Ни с того ни с сего меня охватила легкая дрожь, он обнял меня за плечи, подумав, наверное, что у меня закружилась голова от страха высоты.
Внизу на пожухшей траве паслись овцы. Кусты дрока были частью повыжжены, и в гаснущем свете дня сплетения ветвей были похожи на скелеты призраков. Их вид тяготил меня.
– Именно поэтому я не хотел, чтобы между мной и вами возникли бы какие-то отношения с самого начала, – произнес он тихо.
– Теперь я понимаю, – ответила я, а он резко повернулся и посмотрел, не плачу ли я.
Потом он улыбнулся:
– Вы дикарка, вы, наверное, выросли на воле.
Я вспомнила поле у нас дома, лужи грязной воды между деревьями и почувствовала себя брошенной.
– У вас в лице есть что-то мистическое, – сказала я. Вся скорбь с его лица улетучилась в полсекунды. Он от души рассмеялся и спросил, в каком таком словаре я вычитала это слово. Я могла себе представить, что это было не самое подходящее слово, но оно попалось мне в одной книге и поправилось своим звучанием.

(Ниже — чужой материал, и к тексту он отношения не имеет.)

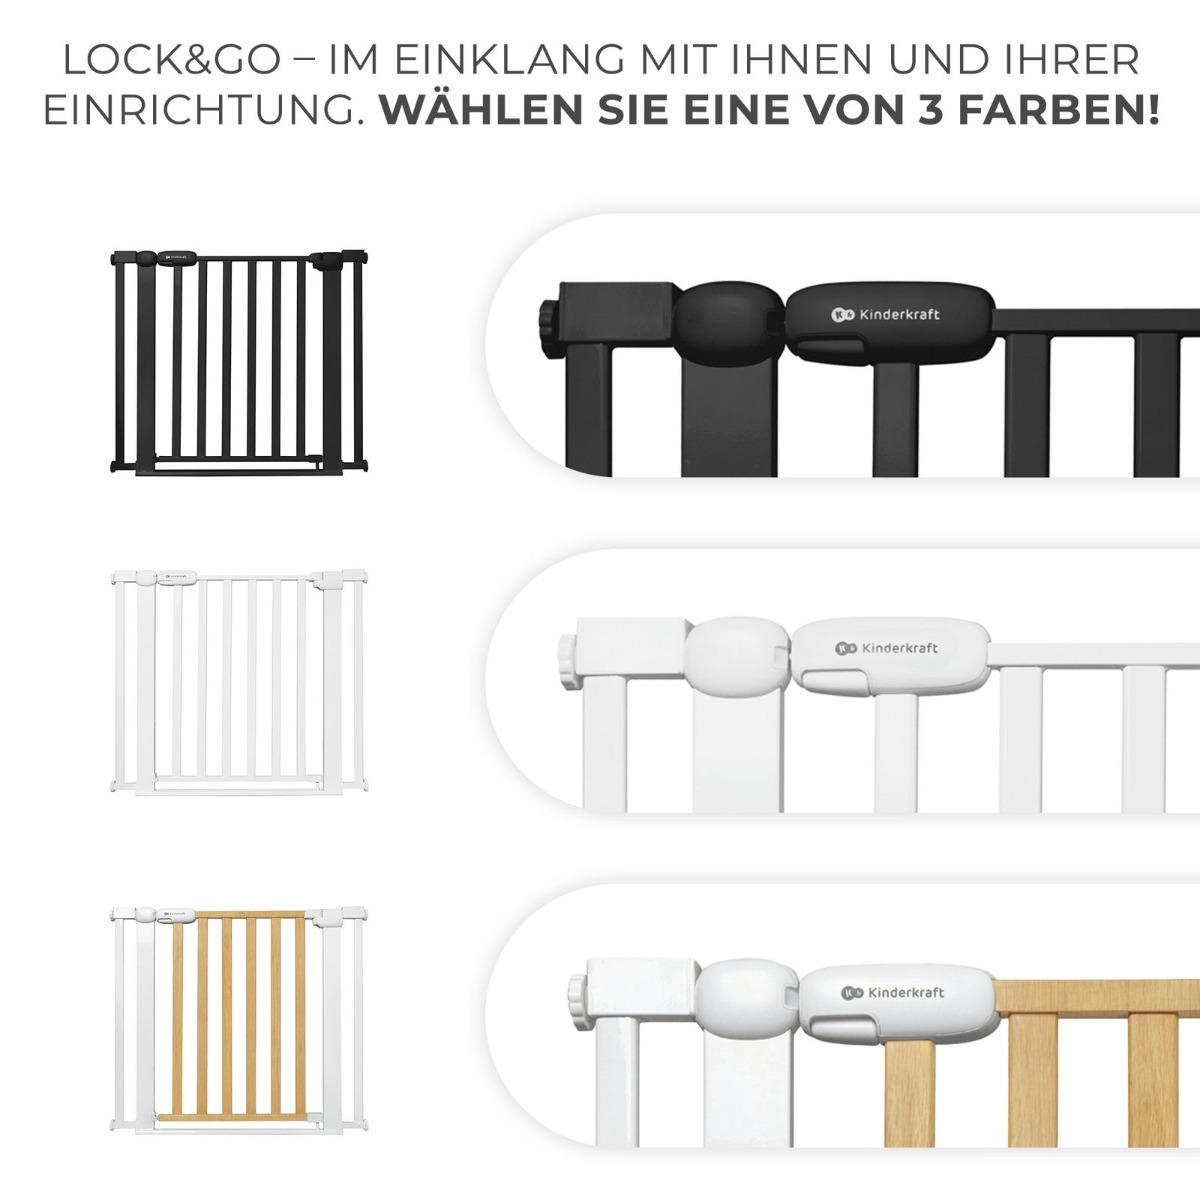 8DE-KK-lock-go-schwarz-wahlen-sie-eine-von-3-farben
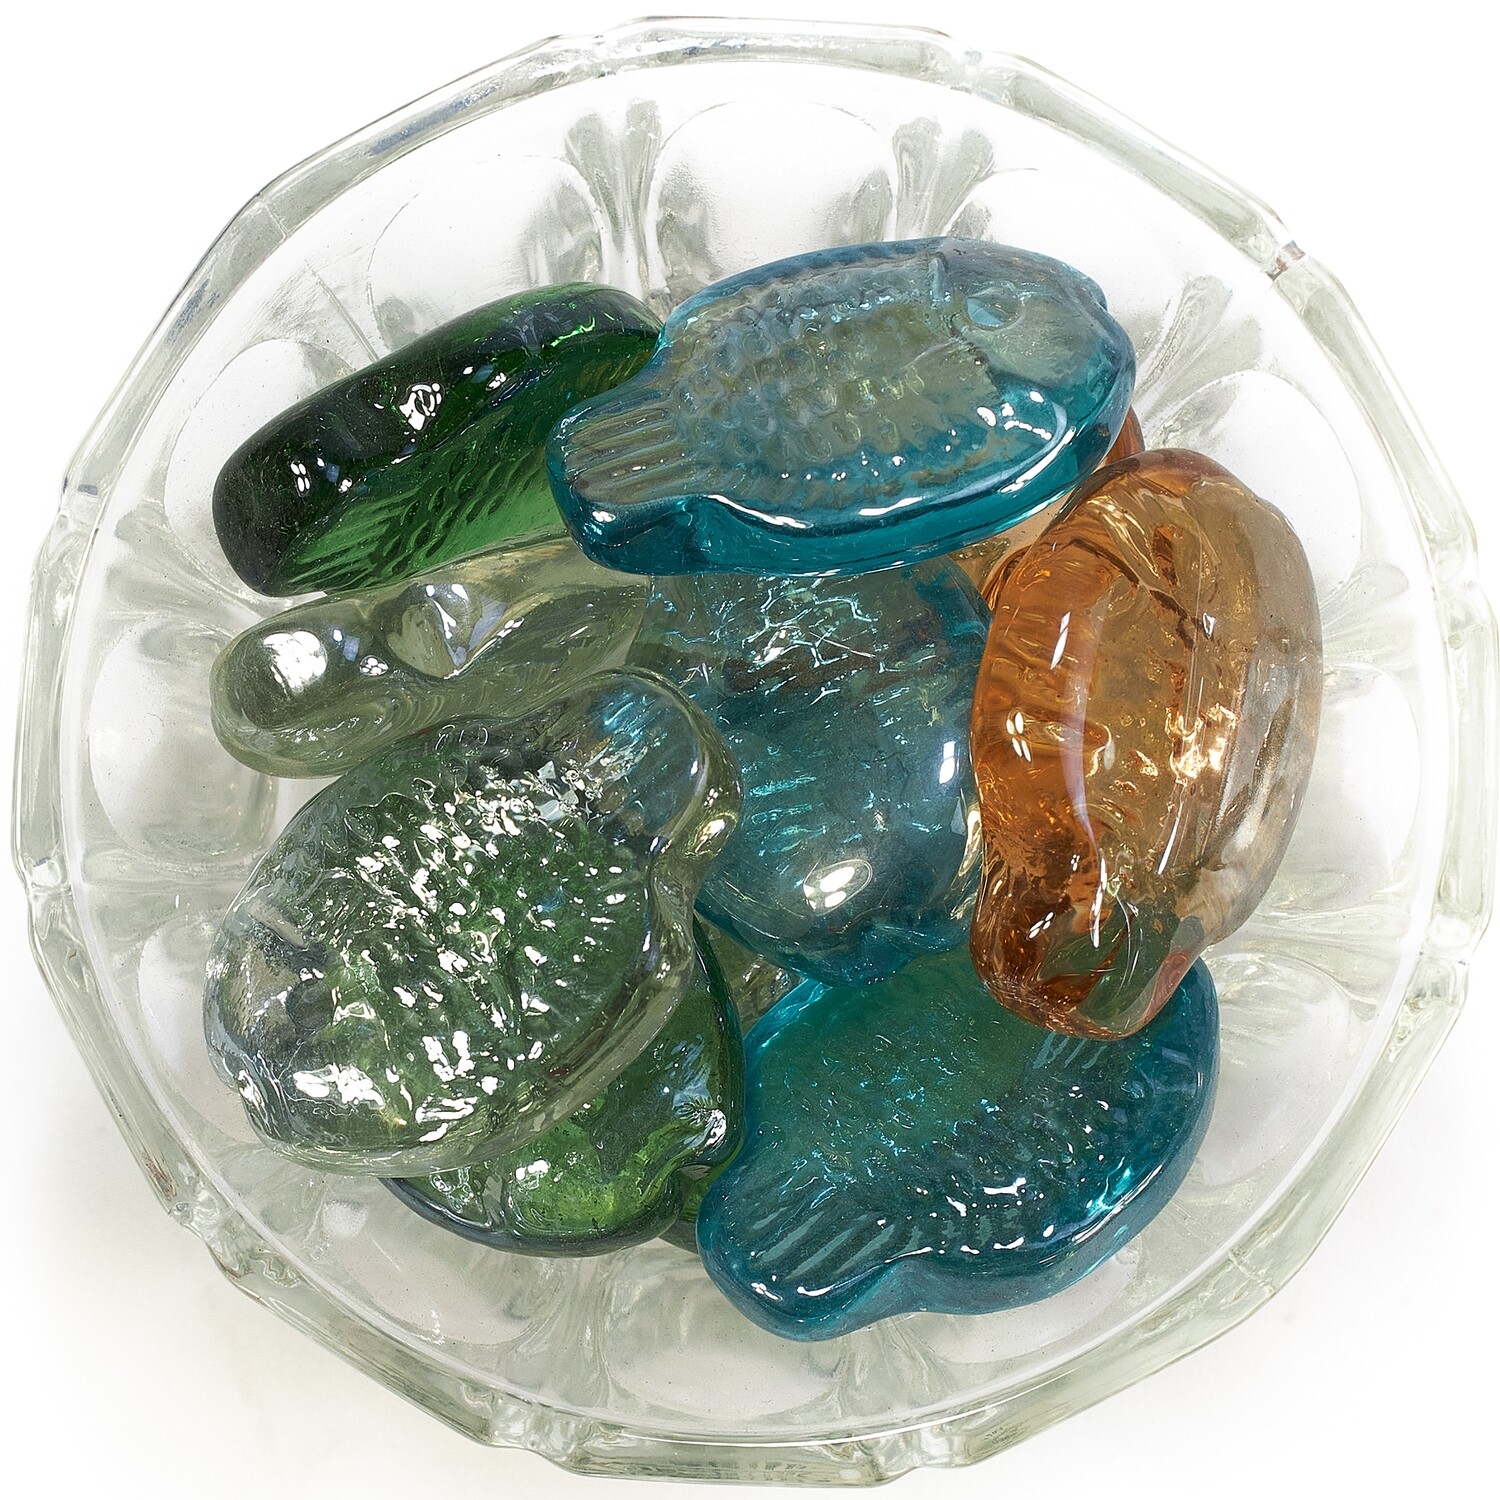 Камни KUN LONG декоративные, стеклянные, в виде рыбок, для аквариума (в мешке 5кг)

– Милая девочка, придется вам бросить чтение книг. Он взял меня за руку, и мы помчались вниз по склону холма обратно в лес. Мы на скорую руку осмотрели сосновые посадки, сделанные им и обнесенные проволочной изгородью от кроликов и ланей. Он протянул руку и потрогал веточку сосны, а потом сказал, что хотел бы посадить дерево в честь моего визита. Мне хотелось знать, сажал ли он деревья для своей жены и любил ли он ее сейчас.
После чая Анна и ее муж ушли играть в карты, взяв с собой ребенка, хотя Юджин сказал, что малыш может получить воспаление легких.
Мне было неуютно оставаться с ним вдвоем в этом большом доме. Он зажег две настольные лампы. Закрыл ставни и сказал:
– Давайте послушаем музыку.
Пластинки лежали небольшими стопками прямо на полу, и еще повсюду были книги, книги. На стенах висели рога. Юджин сказал, что прежний владелец дома был, видимо, очень кровожадным, он повсюду понавешал рогов, отрубленных голов, понастелил шкур. Непривычная мне музыка наполнила комнату. Юджин стал двигаться в такт ей и, вдруг остановившись, посмотрел на меня, стараясь угадать, нравится мне музыка, под которую никто не пел, или нет.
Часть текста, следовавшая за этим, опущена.